Firmware & BIOS - Primer

Why This Matters

Firmware is the first code that runs when a server powers on. It initializes hardware, runs diagnostics, and hands off to the bootloader. Firmware bugs cause boot failures, hardware instability, and security vulnerabilities. In datacenter operations, you manage firmware updates across hundreds of servers, often remotely via BMC. Understanding the boot chain and firmware management is essential for bare-metal ops.

BIOS vs UEFI

Name origin: BIOS stands for Basic Input/Output System, a term dating back to the CP/M operating system (1975). The IBM PC BIOS (1981) established the standard that lasted until UEFI. UEFI stands for Unified Extensible Firmware Interface — originally developed by Intel as EFI in the mid-1990s for the Itanium platform, then opened as a multi-vendor standard. The "Unified" was added in 2005 when the UEFI Forum took over governance from Intel.

Legacy BIOS

  • 16-bit real mode, 1MB addressable memory
  • MBR partitioning (max 2TB disks, 4 primary partitions)
  • No built-in networking or shell
  • Boot order configured in CMOS setup (DEL/F2 at POST)
  • No secure boot capability

UEFI (Unified Extensible Firmware Interface)

  • 32/64-bit, full memory access
  • GPT partitioning (no practical size limit, 128+ partitions)
  • ESP (EFI System Partition) stores bootloaders
  • Built-in shell, networking, driver model
  • Secure Boot: verifies bootloader signatures
  • NVRAM stores boot variables (accessible from OS)
# Check if system booted in UEFI or BIOS mode
[ -d /sys/firmware/efi ] && echo "UEFI" || echo "BIOS"

# List UEFI boot entries
efibootmgr -v

# Change boot order
efibootmgr -o 0001,0002,0003

# Add a boot entry
efibootmgr -c -d /dev/sda -p 1 -L "Linux" -l '\EFI\ubuntu\grubx64.efi'

POST (Power-On Self-Test)

Under the hood: POST is firmware code burned into the system ROM that runs before any software you installed. On modern servers, POST takes 30-90 seconds — most of that time is memory training (calibrating DIMM timing parameters). A server with 2TB of RAM can spend over 2 minutes in memory training alone. This is why "fast boot" options in BIOS exist — they skip or abbreviate POST tests, trading thoroughness for speed.

POST runs before the OS loads:

  1. CPU initialization
  2. Memory test (DIMM detection, ECC check)
  3. PCIe device enumeration
  4. Storage controller init
  5. Network controller init
  6. Video init
  7. Handoff to bootloader

POST errors are reported via: - Beep codes: patterns indicate specific failures (varies by vendor) - LED codes: front panel diagnostic LEDs (Dell: amber patterns) - BMC event log: recorded in SEL (System Event Log) - Video output: error messages on screen (if video initialized)

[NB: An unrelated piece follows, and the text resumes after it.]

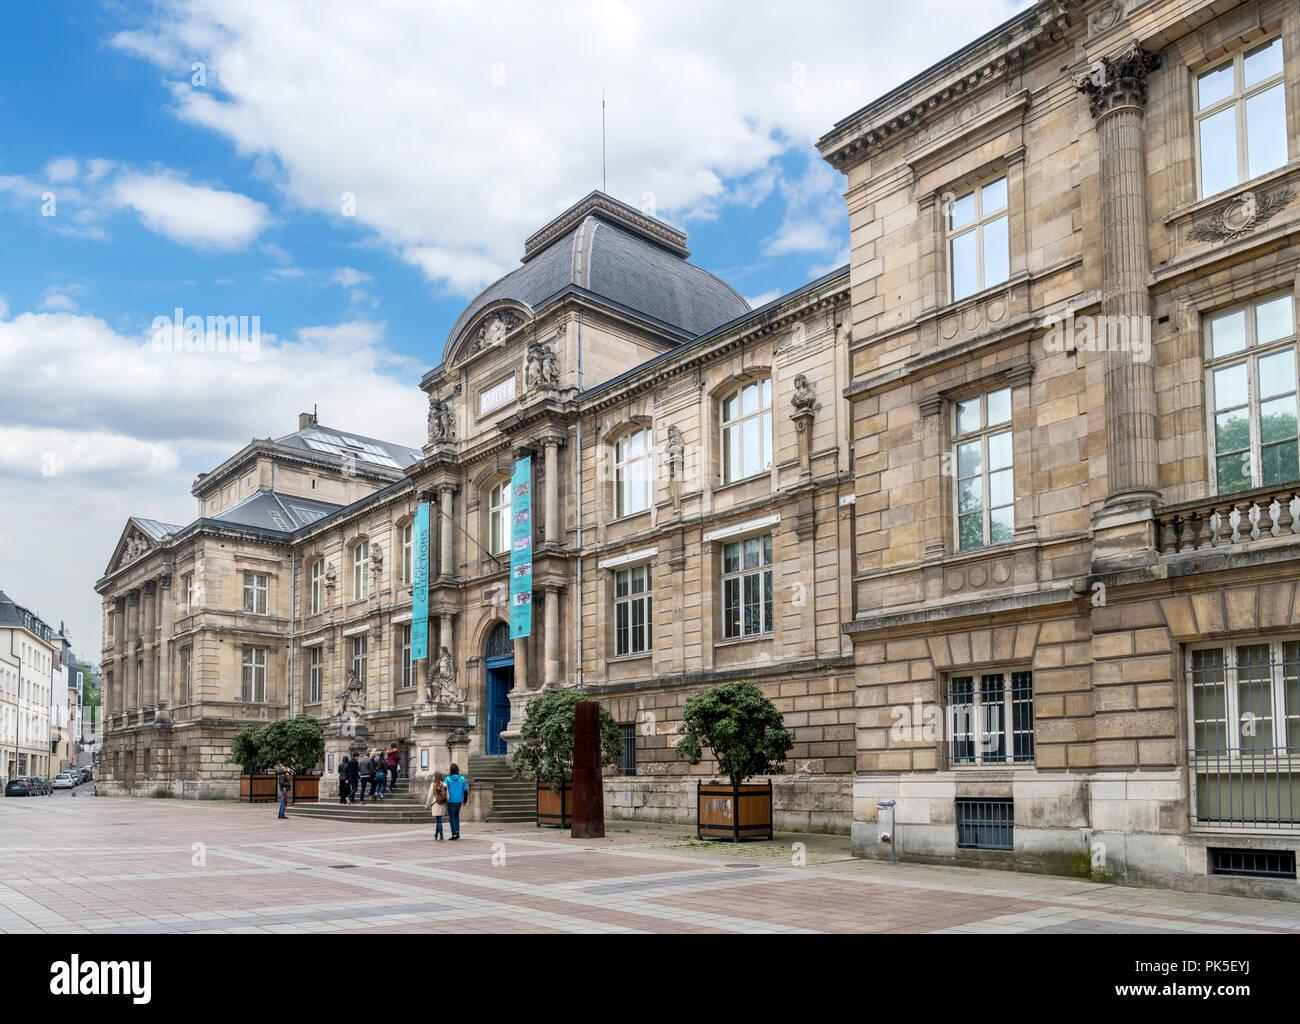 Musée des Beaux-Arts, Rouen, Normandy, France Stock Photo

# Read BMC System Event Log (requires ipmitool)
ipmitool sel list
ipmitool sel elist    # extended format

# Check last POST errors
ipmitool sel list | grep -i "post\|boot\|memory\|cpu"

CMOS and NVRAM

CMOS stores BIOS settings (boot order, date/time, hardware config). Backed by a coin cell battery (CR2032).

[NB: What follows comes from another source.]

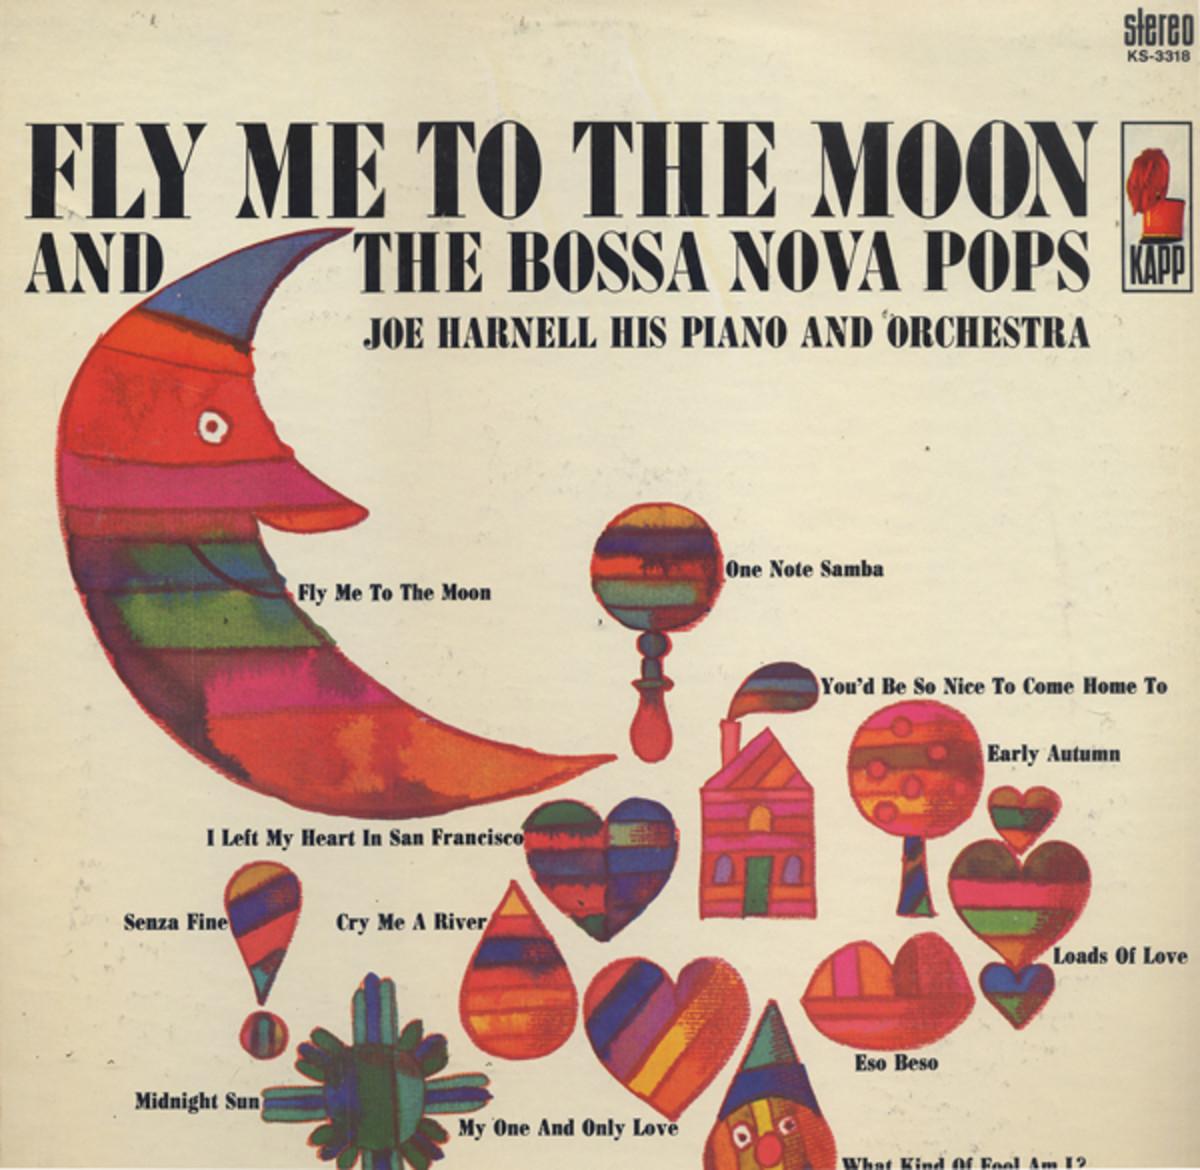 Joe Harnell's Bossa Nova

Dead CMOS battery symptoms: - Clock resets on every boot - BIOS settings revert to defaults - "CMOS checksum error" on boot

UEFI stores settings in NVRAM (flash, no battery dependency for settings).

BMC (Baseboard Management Controller)

The BMC is an independent processor on the server motherboard that provides out-of-band management:

  • IPMI: Standard protocol for BMC access
  • iDRAC (Dell), iLO (HPE), IMM (Lenovo): Vendor BMC implementations
  • Remote console (KVM over IP)
  • Remote power control
  • Hardware monitoring (temps, fans, voltages)
  • Firmware update capability
  • Serial-over-LAN (SOL)
# Configure BMC network
ipmitool lan set 1 ipaddr 10.0.10.5
ipmitool lan set 1 netmask 255.255.255.0
ipmitool lan set 1 defgw ipaddr 10.0.10.1

# Power control
ipmitool power status
ipmitool power on
ipmitool power off
ipmitool power cycle
ipmitool power reset

# Read sensors
ipmitool sensor list
ipmitool sdr list        # Sensor Data Repository

# Check BMC firmware version
ipmitool mc info

Firmware Updates

Why Update

War story: The Spectre and Meltdown CPU vulnerabilities (2018) required both OS patches and BIOS/firmware microcode updates. Many organizations patched the OS but forgot the firmware, leaving systems partially exposed. Since then, firmware patching has been elevated from "nice to have" to a security compliance requirement. Tools like fwupd (Linux Vendor Firmware Service) make this easier by delivering firmware updates through the same channels as OS packages.

  • Security patches (BIOS rootkits, speculative execution mitigations)
  • Bug fixes (memory training, PCIe compatibility)
  • New hardware support
  • Performance improvements

Update Methods

Method When
BMC web interface Single server, GUI access
Vendor tools (Dell DSU, HPE SUM) Fleet updates, scriptable
UEFI shell Pre-OS update
Linux tools (fwupd) In-OS update
PXE/network boot Automated fleet provisioning
# fwupd — Linux firmware update daemon
fwupdmgr get-devices          # list updateable devices
fwupdmgr get-updates          # check for updates
fwupdmgr update               # apply updates

# Dell-specific (DSU)
dsu --inventory               # list installed firmware
dsu --apply-upgrades          # apply all available updates

Fleet Firmware Management

  • Stage firmware in a repository (Dell Repository Manager, HPE SPP)
  • Test on canary servers first
  • Schedule maintenance window (updates often require reboot)
  • Update BIOS, BMC, NIC, RAID controller, disk firmware
  • Verify post-update: check SEL, run diagnostics

Boot Order and Boot Process

Power On → POST → UEFI/BIOS → Boot Device Selection
  → Bootloader (GRUB2) → Kernel → init/systemd → OS
# GRUB2 — set default boot entry
grub2-set-default 0
grub2-mkconfig -o /boot/grub2/grub.cfg

# View current kernel command line
cat /proc/cmdline

# Check boot log
journalctl -b 0              # current boot
journalctl -b -1             # previous boot
journalctl --list-boots      # all recorded boots

Secure Boot

Gotcha: Secure Boot can prevent Linux from booting if the distribution's bootloader is not signed with a key trusted by the firmware. Most major distros (RHEL, Ubuntu, SUSE) ship signed bootloaders via Microsoft's UEFI CA. But custom-compiled kernels, third-party kernel modules (NVIDIA drivers, ZFS), and some smaller distros will fail Secure Boot unless you enroll custom keys using mokutil. If a server suddenly stops booting after a kernel update, Secure Boot key mismatch is a top suspect.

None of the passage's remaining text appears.